The old-fashioned habit of making New Year's resolutions is one still practiced by many Americans. When I was young the resolutions were not often too serious on New Year's Day. The serious ones waited to come when Lent was upon us and the children were told to give up candy for that season or to give up some favorite dessert which to us seemed a very real and serious sacrifice.
Today these things seem very small to me, but the New Year's resolution remains and grows more important year by year. One cannot ask for specific things for oneself or for one's children or one's friends. But one can and should ask, I think, to be given the qualities of mind and heart and spirit which will make it possible for us to live better in this world, to serve our country with greater efficiency, and in our own little corner, wherever we may be, to advance the cause for which we work. This should be not only at home but in the world as a whole.

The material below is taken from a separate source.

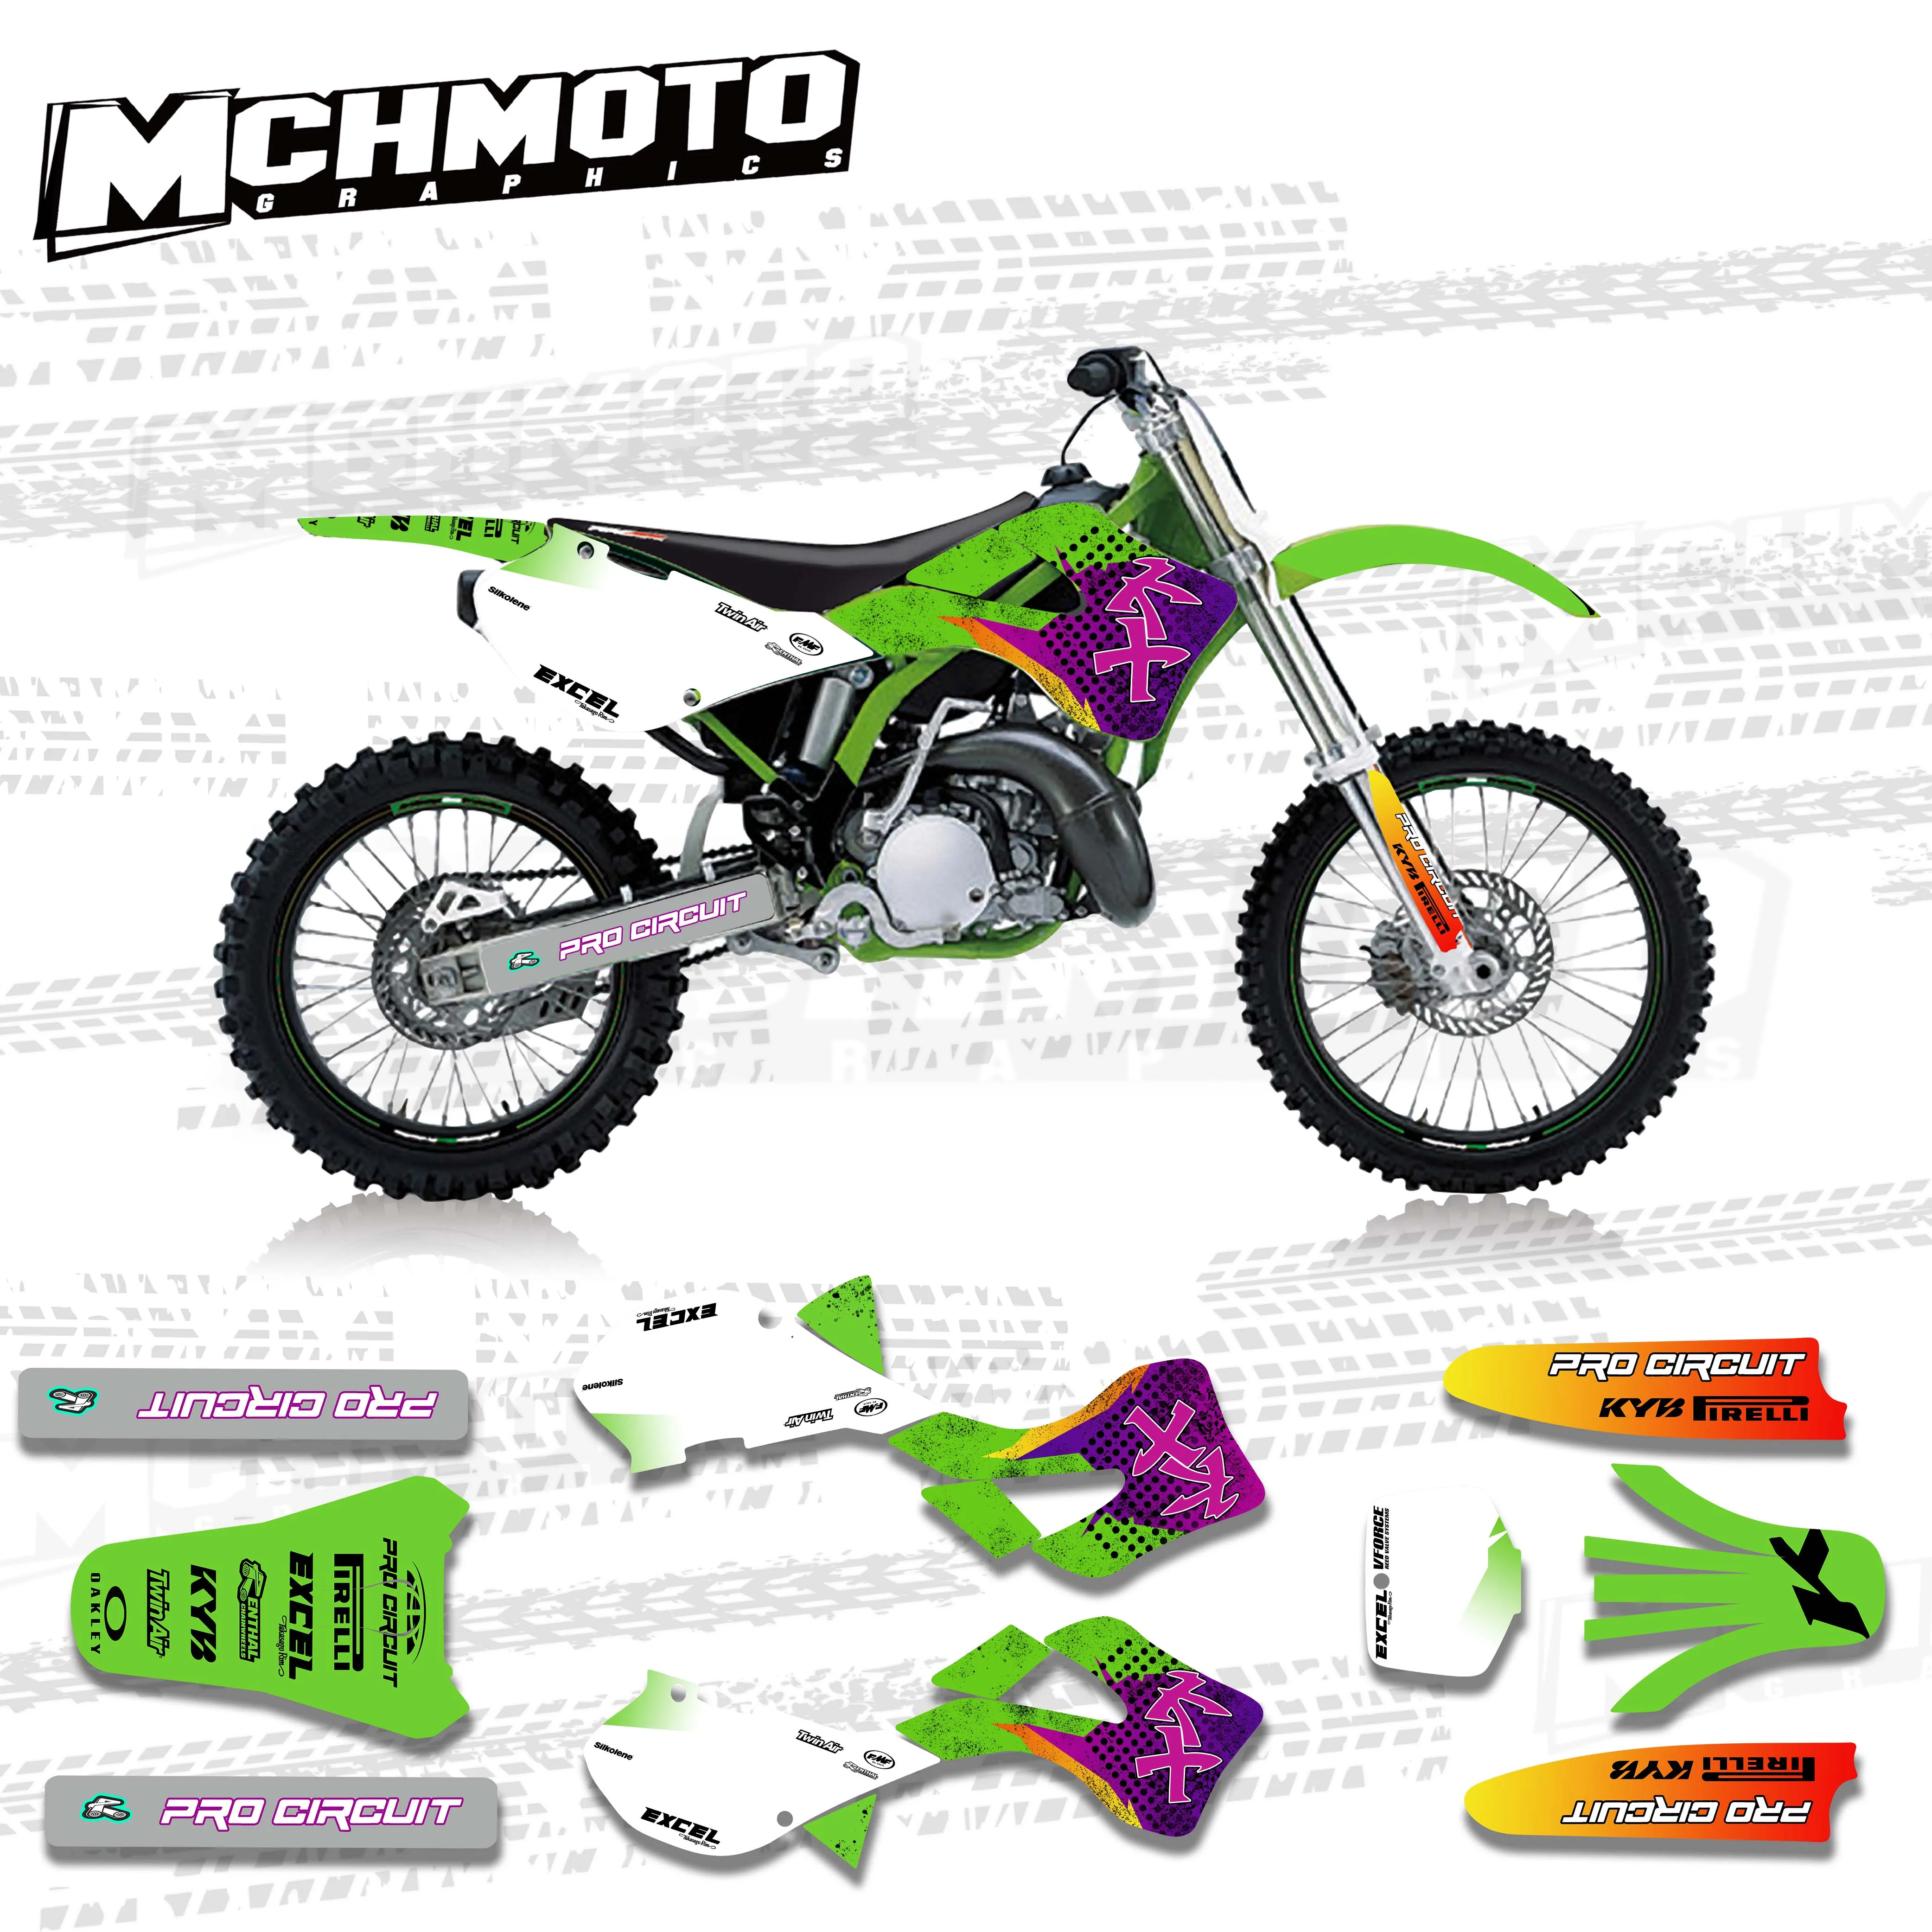 MCHMFG Graphics & Background Decal Sticker Kit for Kawasaki 1999-2002 KX 125 motorcycle stickers 1999 2000 2001 2002

One of the questions most frequently asked is: "What can I do to help bring peace into the world?"
It seems to me that New Year's is a good day to try to think that question out. Surely, we can do nothing outside of our own sphere of influence, and that sphere is not likely, for the most part, to touch directly into the field of government or world affairs. Nevertheless, if we have eyes to see we can so live in our own surroundings that we will pull our friends and our community to a greater sense of obligation to make democracy succeed in order that it may help to bring about peace in the world.
It is true that the Communists say we are attempting to impose our will on them by keeping them in constant fear lest we are going to attack them. That can only mean that they know that they might attack us and, therefore, are afraid of what may lie in the back of our minds.
I do not know how we can persuade them that our desires lie in the direction of peace, but at least we need do nothing which would substantiate their suspicions. Little by little they may come to trust us more and believe us. In the meantime, if we devote ourselves to improving our own democracy we will give them less and less cause to find fault with us and make it more and more apparent that democracy has everything that communism can offer. Everything plus freedom, which to us, means a great deal.